The storm outside was fading, the sunlight growing brighter, and it illuminated her face. Revealed the dusting of freckles on her cheeks, the highlights of red in her dark-brown hair. But it was her dark eyes he fixed on, wide and framed with endless black lashes. Doe-like, despite the mind behind them being that of a tigress.

“I need to think on it.” Her voice was tight. Strangled. “I need… I need time to think.”

It wasn’t a no. But it wasn’t a yes. A twist of anger rolled through his chest, because what did she have to go back to? Whom did she have to go back to besides the aunt who’d left her for dead? It wouldn’t be a happy life she returned to, and he wanted more for her than that. But instead of saying any of that, he gave her a tight nod.

“It’s not an easy decision.” She bit her bottom lip. “For my heart, the answer is easy, and it would be yes. A thousand times, yes. But…”

“Honor.” He couldn’t keep the bitterness from his voice. “You honor the people who’d spit on you if they knew the truth.”

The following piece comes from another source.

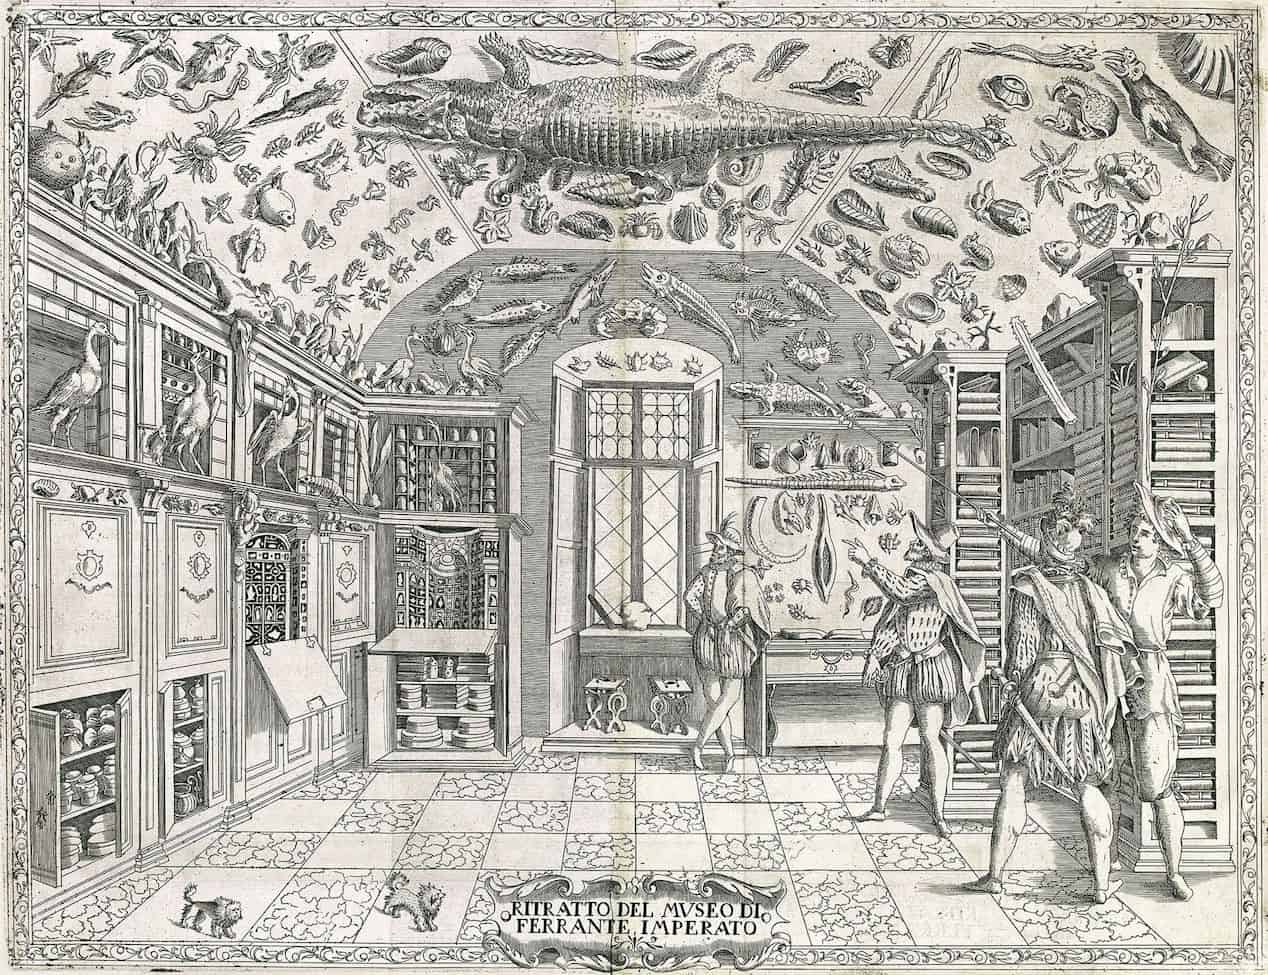 Ferrante Imperato, Dell'Historia Naturale (1599), the earliest illustration of a natural history cabinet
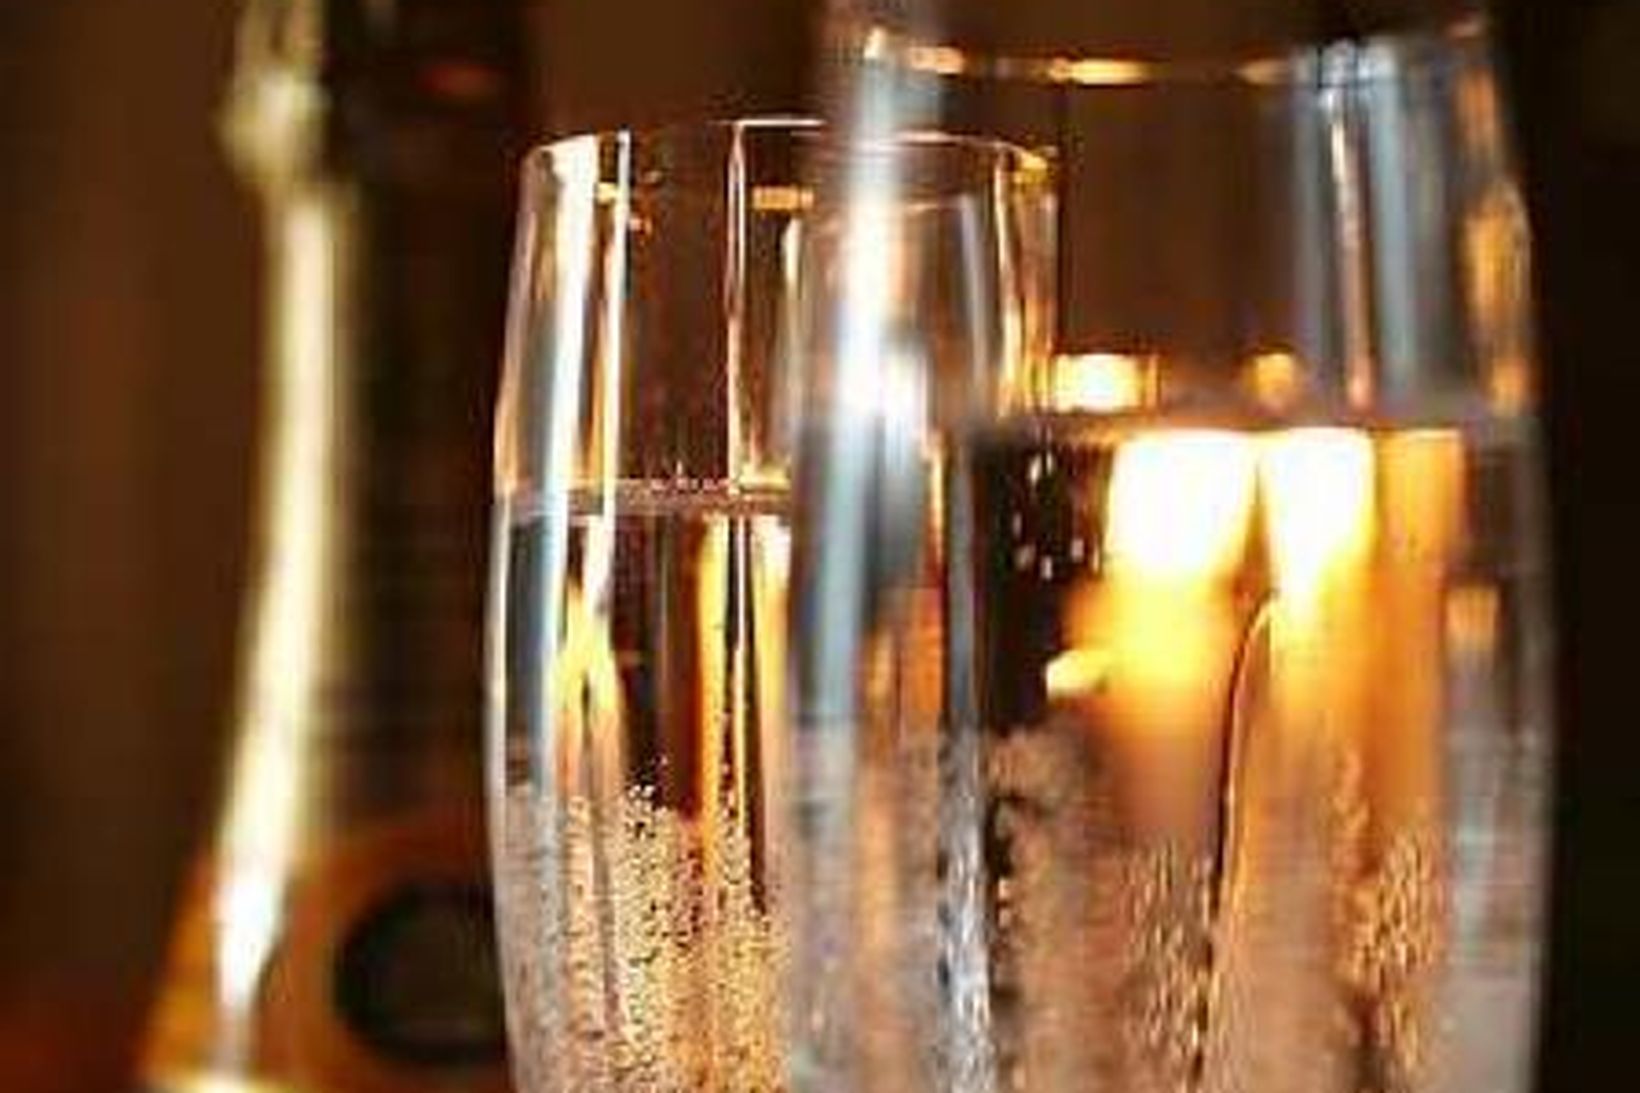 Kampavín dregur nafn sitt frá héraðinu Champagne í Frakklandi.

She flinched, and guilt flooded him. “I’m sorry. I’m an asshole to have said that.”

Zarrah only shook her head. “You’re not wrong. They would. But this decision… it’s not about honoring them—it’s about honoring myself. I…” She looked away, seeming to hunt for the words she needed. “I need to do things that I believe areright.So I can be proud of who I am and what I’ve done, because there is much I’ve done that I feel ashamed of.” Her eyes jerked back to his. “I don’t mean you. I could never regret you.”

Keris found himself wondering if that was entirely true. Or if it was, whether it would remain true.